[Available data]

────────

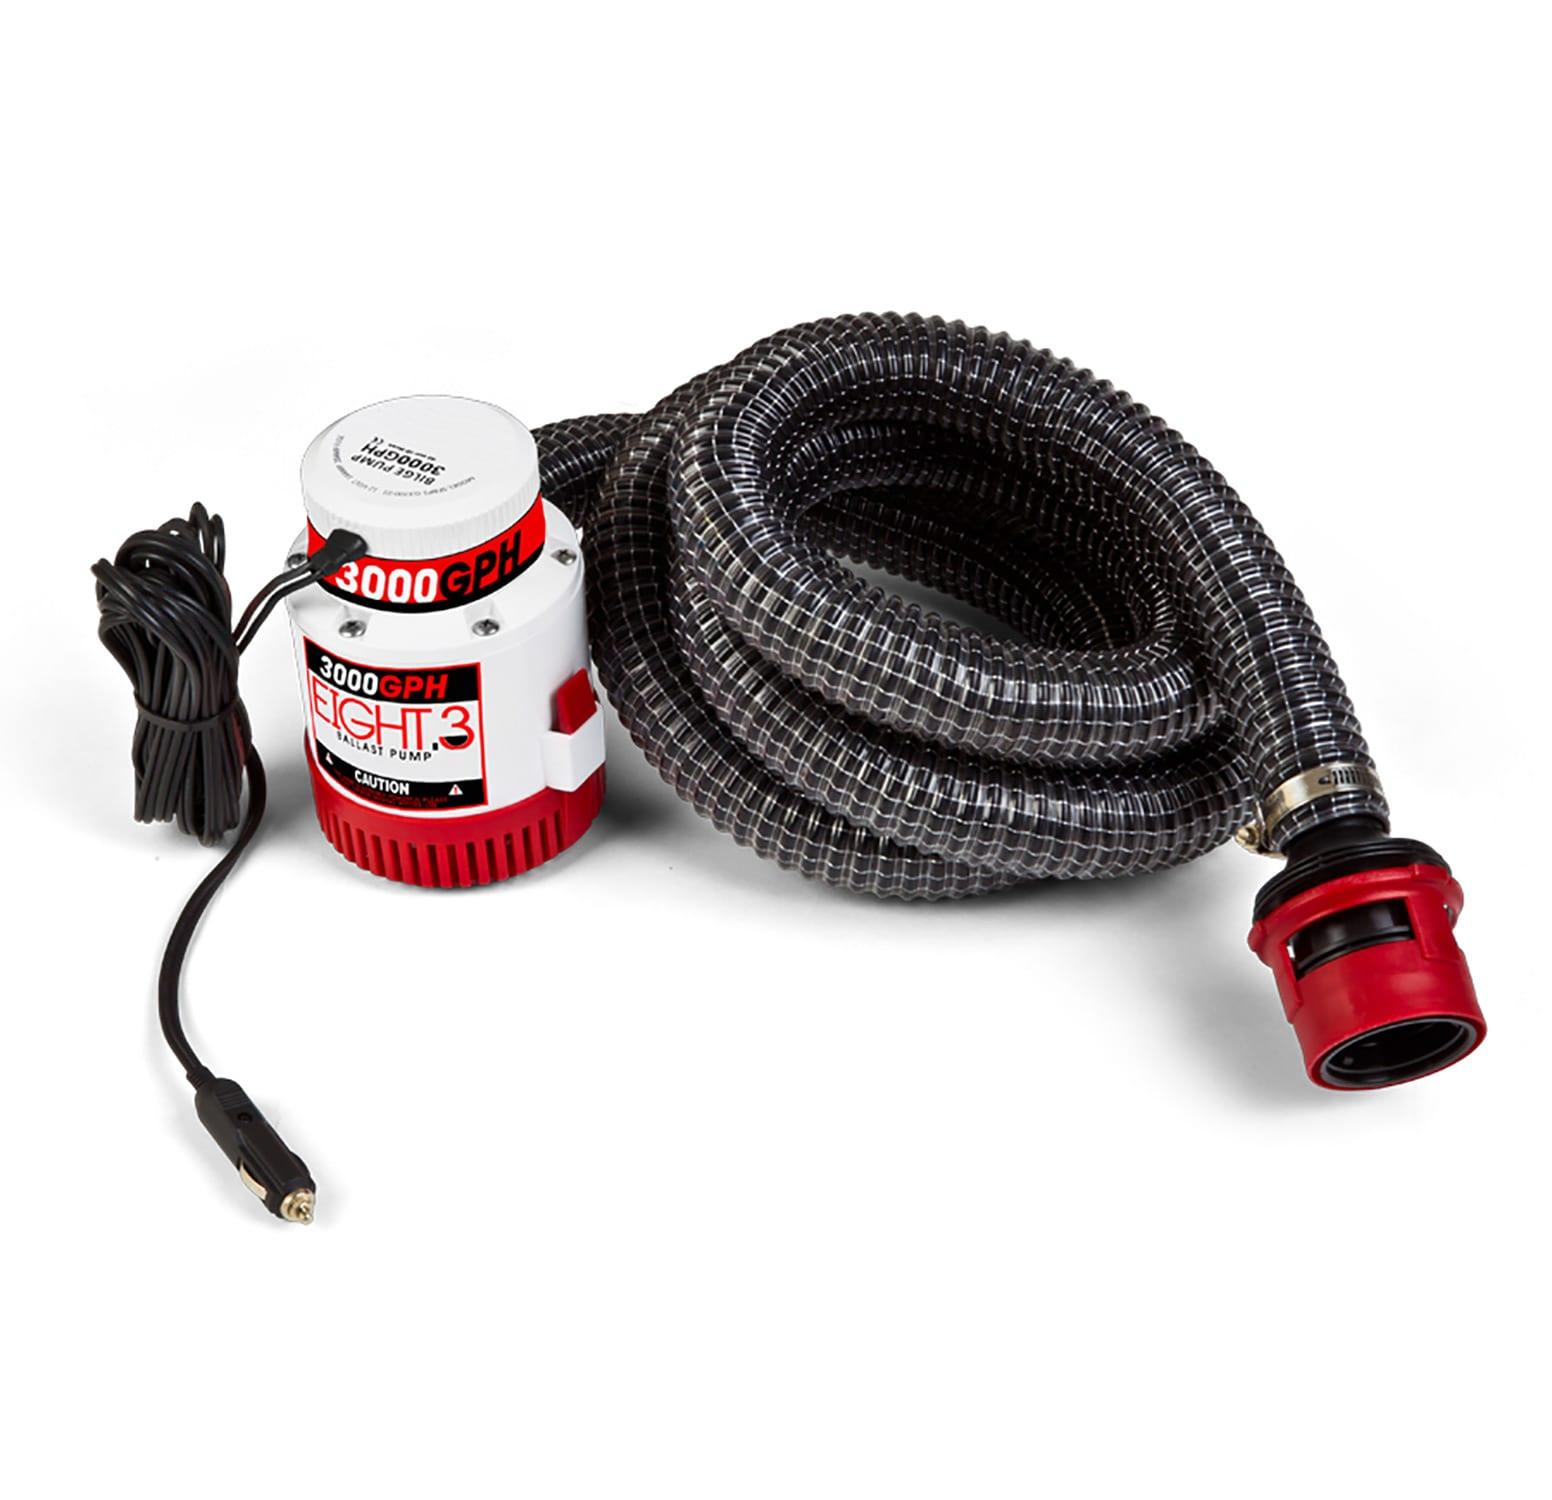 Image of Eight.3 Sub Pump 3000GPH 12V 12AMP Fuse Ballast Pump
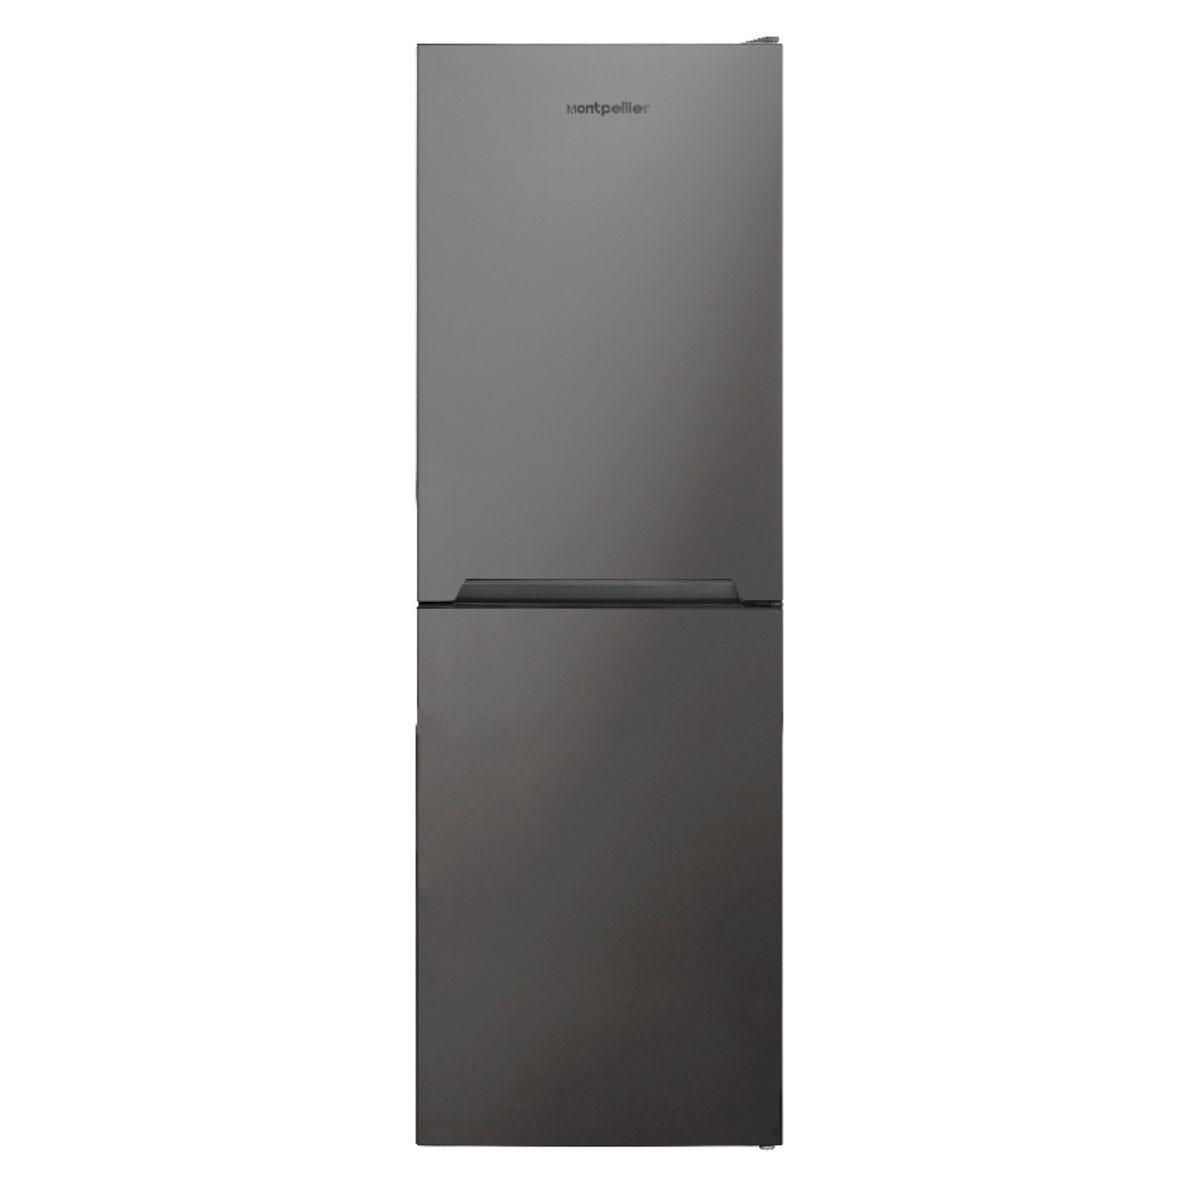 Montpellier MFF165S 54cm 50/50 Frost Free Fridge Freezer - Silver
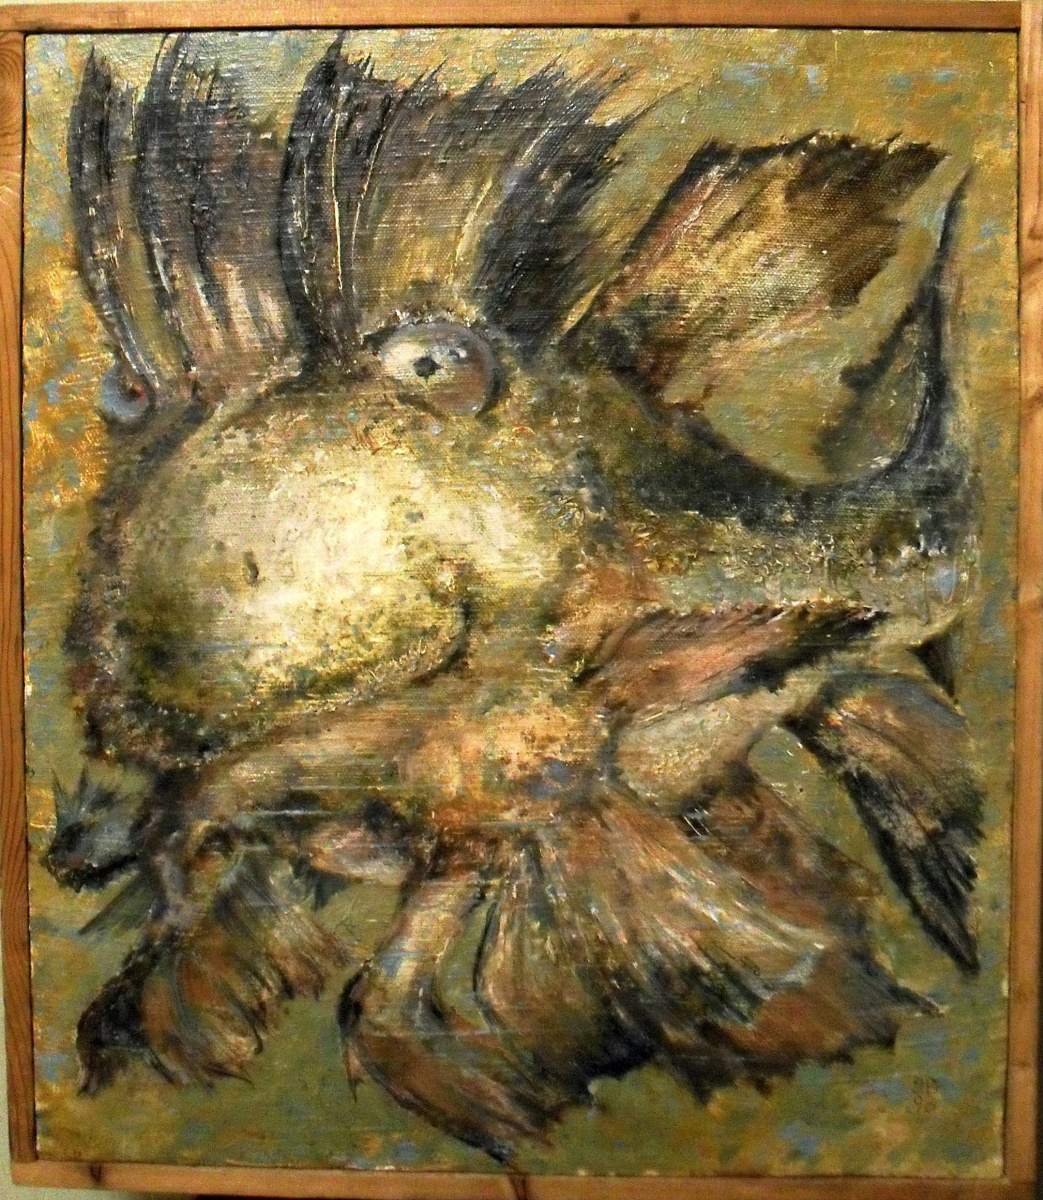 Vadim Vadimovich Novikov. Fish without worries

────────

[What the task asks]
Each line from the one containing "Montpellier MFF165S 54cm" through the last line of the listing is to be given again exactly, with no pictures and no other lines.

[Task result]
 Montpellier MFF165S 54cm 50/50 Frost Free Fridge Freezer - Silver
 Vadim Vadimovich Novikov. Fish without worries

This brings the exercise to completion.